Forum Moderators: open
Just a heads-up that BecomeBot, IP range 64.124.85.0 to 64.124.85.255, is very aggressive in crawling multiple sites hosted on the same IP address.
We've been seeing a series of requests that I think is too fast, ie over ten requests per second maintained for a while.
Typical logfile entry looks like this:
64.124.85.80 - - [24/May/2005:11:52:05 +0100] "GET /robots.txt HTTP/1.1" 200 123 "-" "Mozilla/5.0 (compatible; BecomeBot/1.86; MSIE 6.0 compatible; +http://www.become.com/site_owners.html)"

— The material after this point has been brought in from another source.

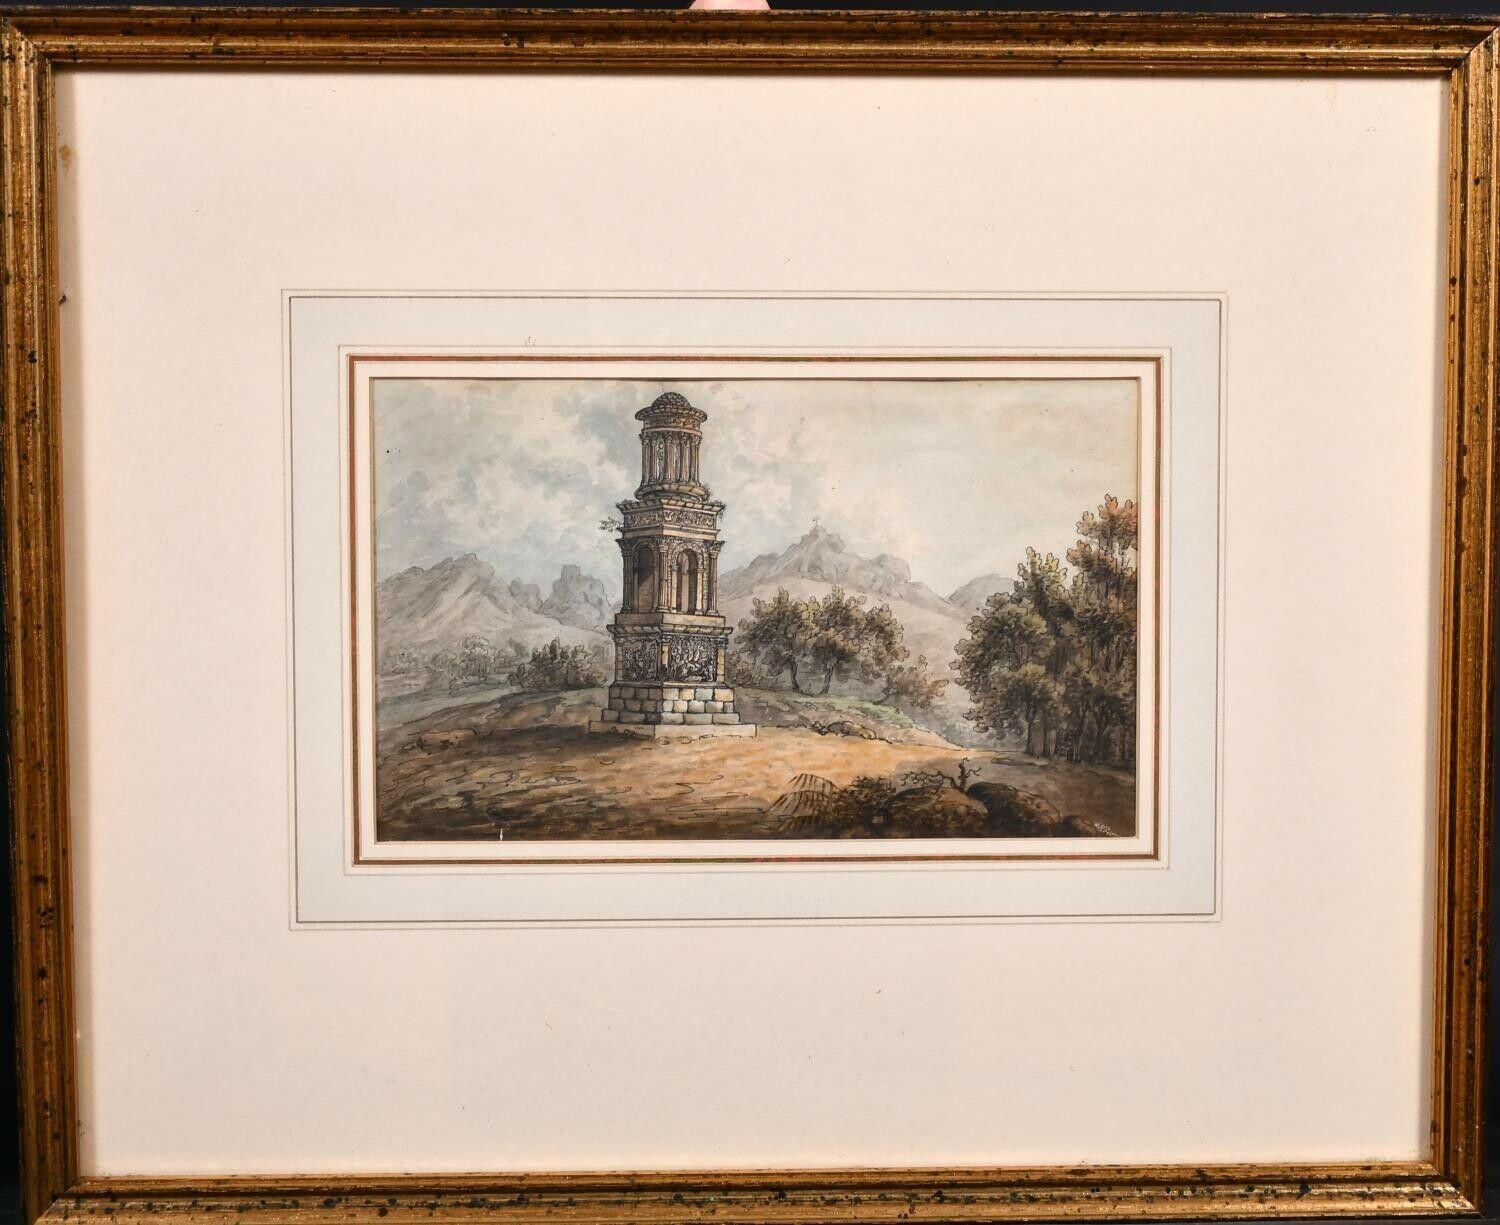 18th CENTURY FRENCH GRAND TOUR WATERCOLOUR - ROMAN MONUMENT ST. REMY PROVENCE - Painting by French Artist

It does seem to honour robots.txt.
Best wishes, Andy.
[webmasterworld.com...]
I've had it denied from the start and yet it still continues to visit and eat 403's.
Don
About its aggressiveness. The following is a quote from become.com/site_owners.html
You can control the rate at which your site is crawled by using the Crawl-Delay feature. The Crawl-Delay feature allows you to specify the number of seconds between visits to your site. Note that it may take quite a long time to crawl a site if there are many pages and the Crawl-Delay is set high. You could specify an interval of 30 seconds between requests with an entry like this:User-agent: BecomeBot
Crawl-Delay: 30
Disallow: /cgi-bin
My reasoning is: we were receiving requests in rapid series, but not for the same site. Eg we'll get multiple requests in one second, each for a different site. As this delay is way less than the default delay should be for any bot, I'm guessing that they've got a particular bug in their bot: they're counting the delay between requests for each hostname, rather than each IP address.
And the reason I haven't tested this to see what happens is:
1) I think it's up to them to set reasonable default values - I'm not willing to spend time working around their mistakes.
2) Their bot was causing performance degredation for our sites, so I was keen to just block it off as quickly as possible.
Best wishes, Andy.